Seals: This is an easy one. Just look around the house and seal any cracks or penetrations that you see with a high-quality sealant like Loctite's PL Window, Door and Siding Sealant. Any little gaps around doors and windows, or where pipes or conduits run through the exterior wall, can let water in, after which it dampens your floors, walls, or insulation. Wet insulation not only loses its effectiveness but, in a wall, can also cause hidden mold and rotted framing. Water-damaged wood floors typically need expensive repairs.

Surroundings: Examine your home for anything that could become airborne when winds pick up—and then remove the hazard. According to Orfanedes, this means: "Pool and patio furniture need to be secured, certainly kids’ toys, anything that the pet might have lying around in the yard." Also be on the lookout for objects that could hold water and become a breeding ground for mosquitoes once the storm has passed. These items, Orfanedes said, "should be turned over, secured, or also brought inside." He listed kiddie pools, tires, and birdbaths as examples.
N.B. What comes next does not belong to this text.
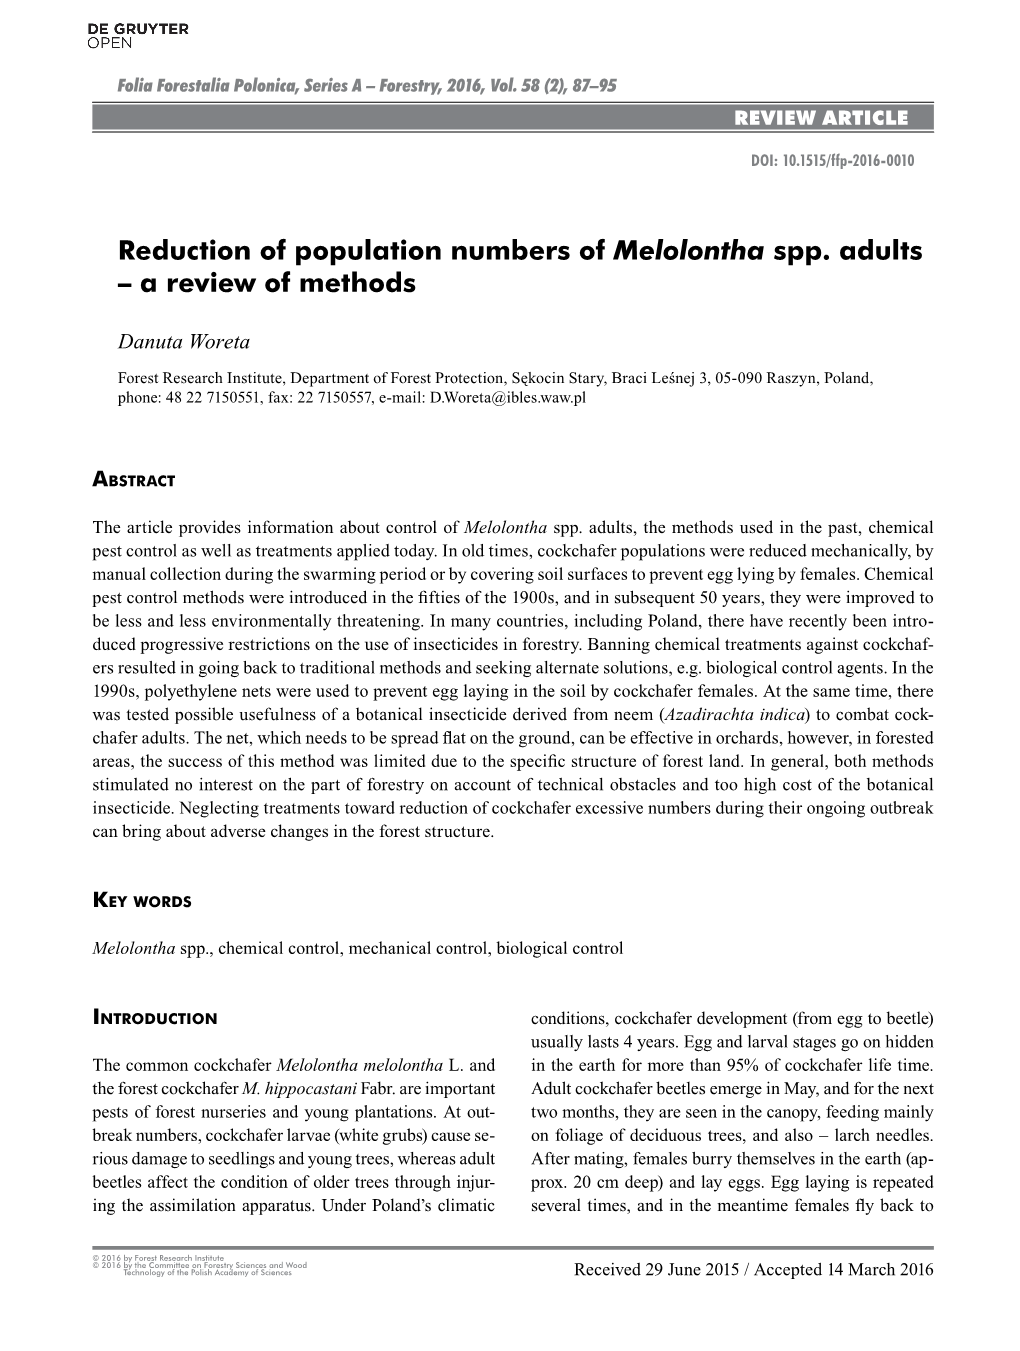 Reduction of Population Numbers of Melolontha Spp. Adults – a Review of Methods

Also survey the trees on your property. "If trees are properly maintained and not impacting the structure, they can actually help protect the home," Orfanedes said. Going in and removing dead branches is a start, but "paying attention to the structure of the tree is super important and probably one of the most overlooked things." A well-pruned tree "does make a difference and probably saves you money in the long run because you don't have to remove and replace." The goal is to attain a "dominant strong trunk and lots of smaller, well-attached limbs and branches." Following this approach means playing the long game, and as such it requires dedicated annual attention and likely consultation from an arborist.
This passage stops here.